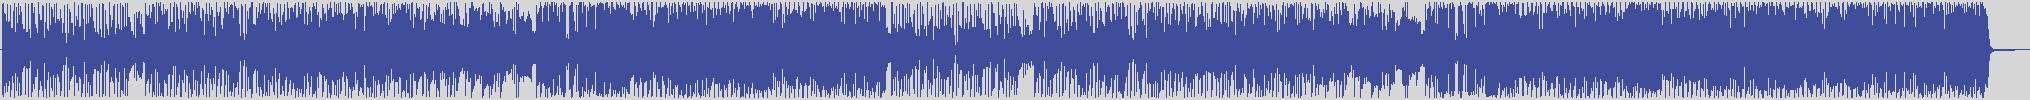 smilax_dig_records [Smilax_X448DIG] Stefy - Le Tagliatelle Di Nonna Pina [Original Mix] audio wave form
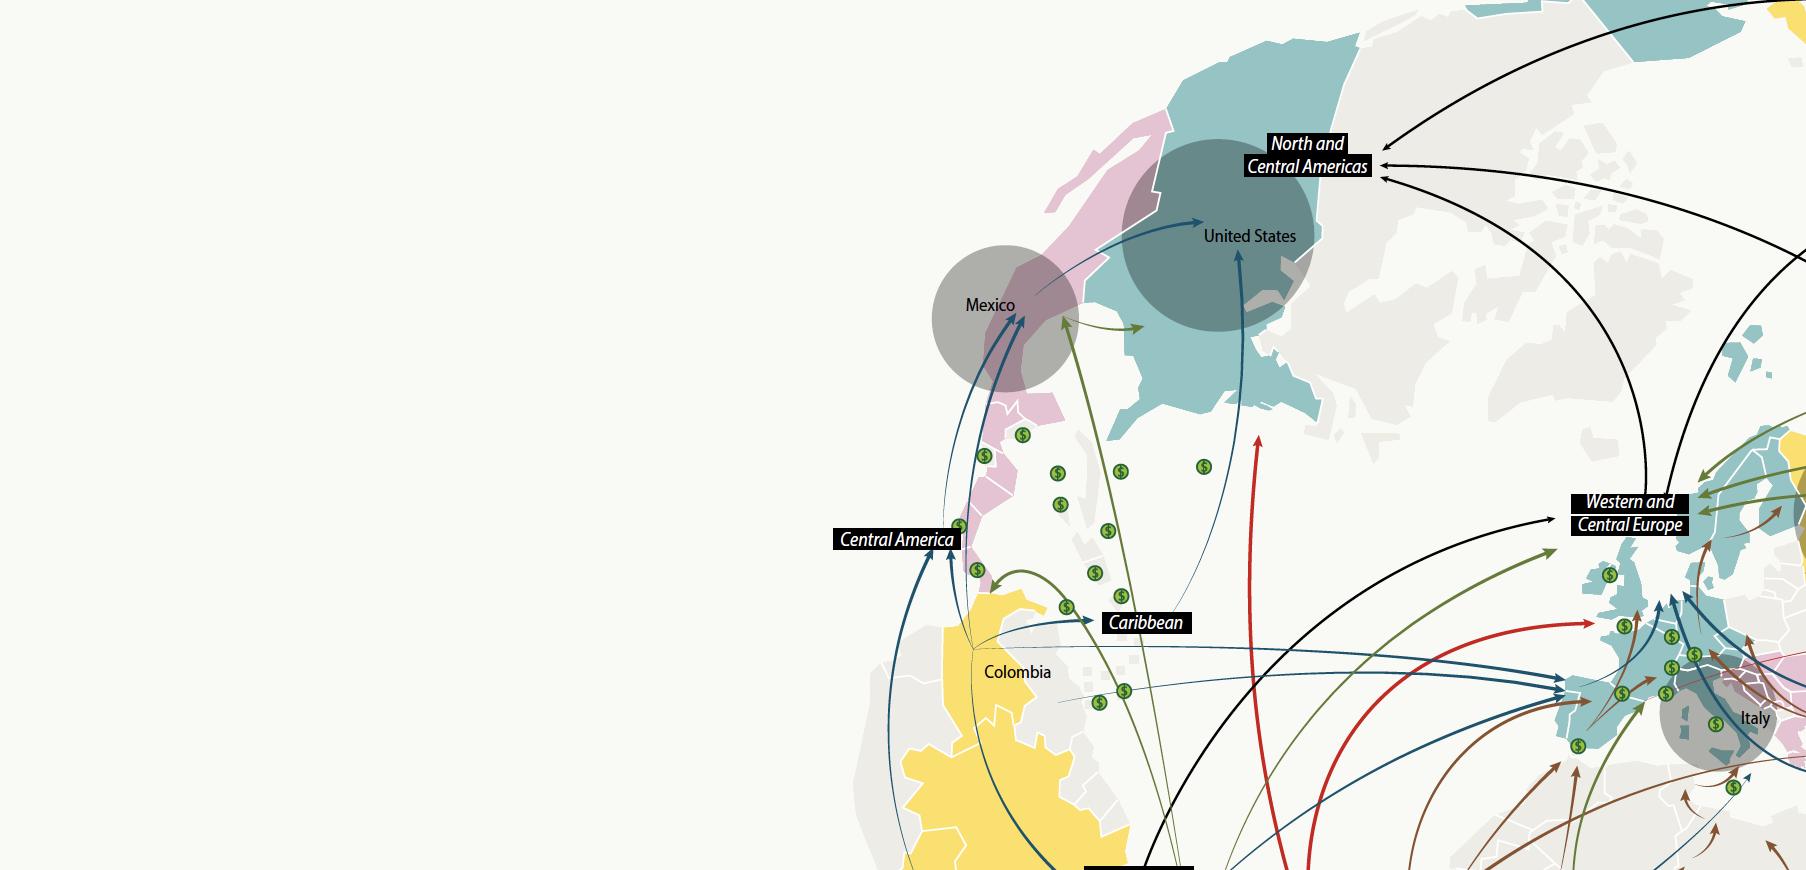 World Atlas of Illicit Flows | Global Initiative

---

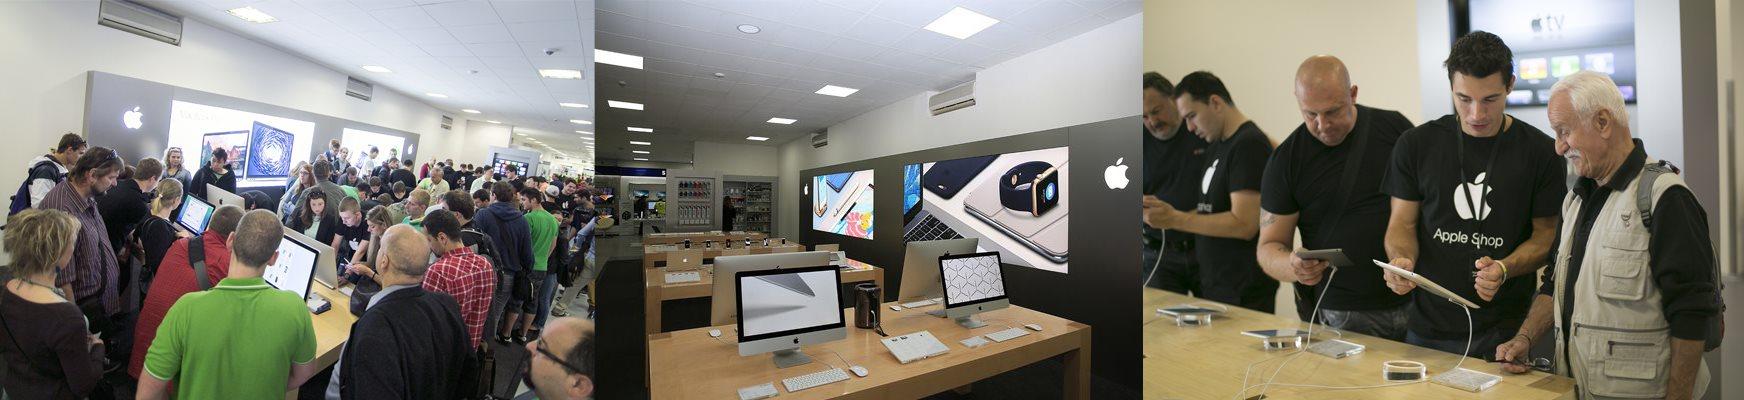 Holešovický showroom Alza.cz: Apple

* * *

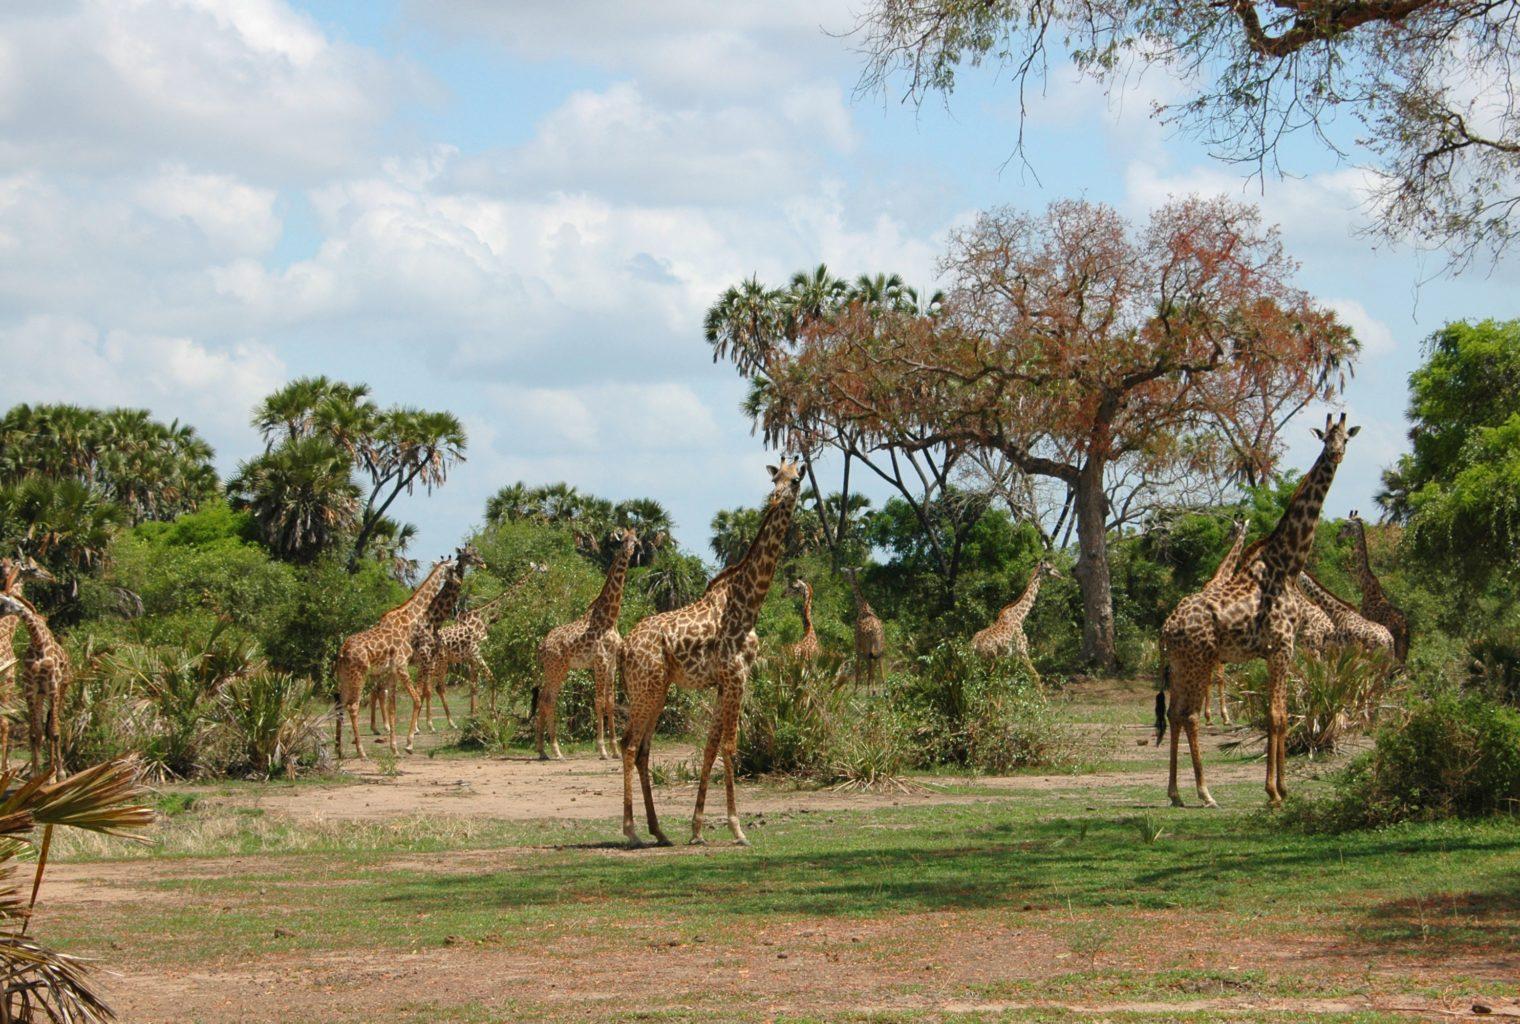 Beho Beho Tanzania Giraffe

> Task statement: For the entries above, print exactly the lines between the one with "smilax_dig_records [Smilax_X448DIG] Stefy" and the one with "World Atlas of", inclusive, with no pictures.

> Answer box:
 smilax_dig_records [Smilax_X448DIG] Stefy - Le Tagliatelle Di Nonna Pina [Original Mix] audio wave form
 World Atlas of Illicit Flows | Global Initiative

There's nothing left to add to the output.